Editorial, O Estado de S. Paulo (19/01/2024)

No momento em que nenhuma petroleira no mundo ousa investir em novas refinarias, Lula pretende apostar suas fichas na retomada das obras de Abreu e Lima para reescrever o passado

O presidente Lula da Silva decidiu retomar as viagens pelo interior do País. O roteiro passou por Ipojuca (PE), para celebrar as obras de ampliação da Refinaria Abreu e Lima. Para Lula da Silva, não há melhor local para anunciar aos quatro ventos que “o Brasil voltou”. O problema é que o Brasil que está de volta é o Brasil que jamais deveria ter voltado.
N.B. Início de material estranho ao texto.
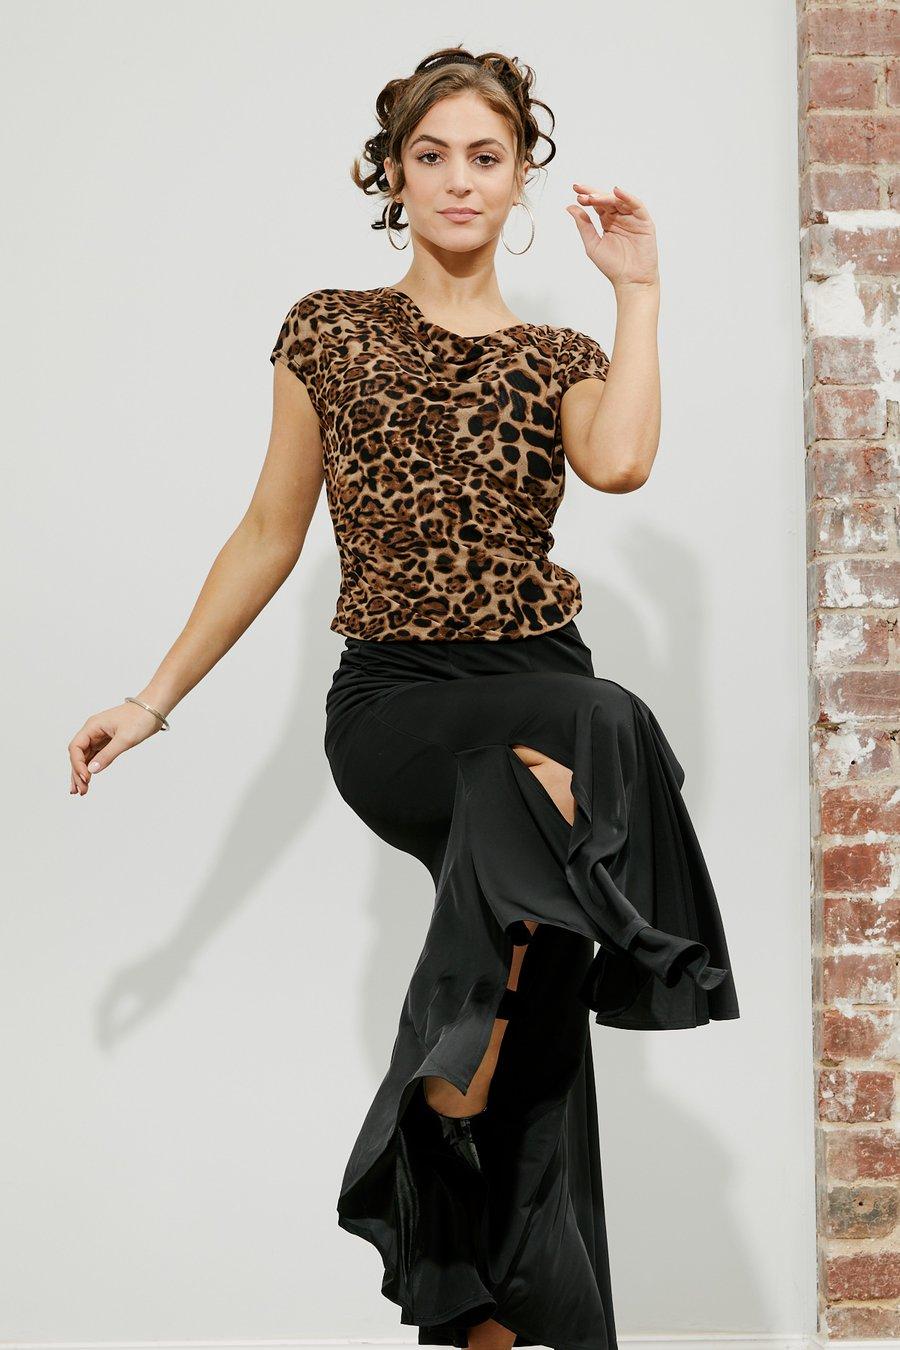 Image of Rikoko Top - Animal E1289/E7153 Dancewear latin ballroom

Na ânsia de ampliar investimentos e gerar empregos, Lula, em seus dois primeiros mandatos, decidiu que faria da Petrobras um braço a serviço do governo para a execução de grandiloquentes (e caríssimos) planos para supostamente impulsionar o desenvolvimento nacional. Vários projetos ambiciosos foram anunciados, como o Complexo Petroquímico do Rio de Janeiro (Comperj), as Refinarias Premium I e II, no Maranhão e no Ceará, e a Refinaria Abreu e Lima, em Pernambuco.

A ideia era obter a autossuficiência na produção de combustíveis e reduzir seus preços, aproveitando-se da posição dominante da companhia nesse mercado. O que o governo deliberadamente desconsiderava é que os derivados de petróleo flutuam conforme a cotação do barril no exterior e o comportamento do câmbio, fatores fundamentais para definir a viabilidade econômica de cada projeto.

Como uma empresa de capital misto, a Petrobras submeteu as propostas ao Conselho de Administração, que teria condições de avaliar seus custos e benefícios e o enquadramento na estratégia de atuação da empresa. O governo, no entanto, abusou de sua participação majoritária na companhia para impor suas vontades aos acionistas privados.

Lembrar esse contexto é extremamente relevante no momento em que o governo tenta reescrever a história recente. Na versão petista, não fosse a operação liderada pelo juiz Sérgio Moro, todas as obras da Petrobras teriam sido concluídas e o País estaria em outro patamar de desenvolvimento econômico.

Na delirante versão petista, Moro teria usado a Lava Jato para minar o crescimento do País e da petroleira para atender a interesses norte-americanos. Dado que a investigação caiu em total descrédito, nada mais justo que retomar os planos originais. A fábula de Lula ignora o fato de que a Petrobras já estava em maus lençóis antes mesmo da criação da malfadada força-tarefa de Curitiba.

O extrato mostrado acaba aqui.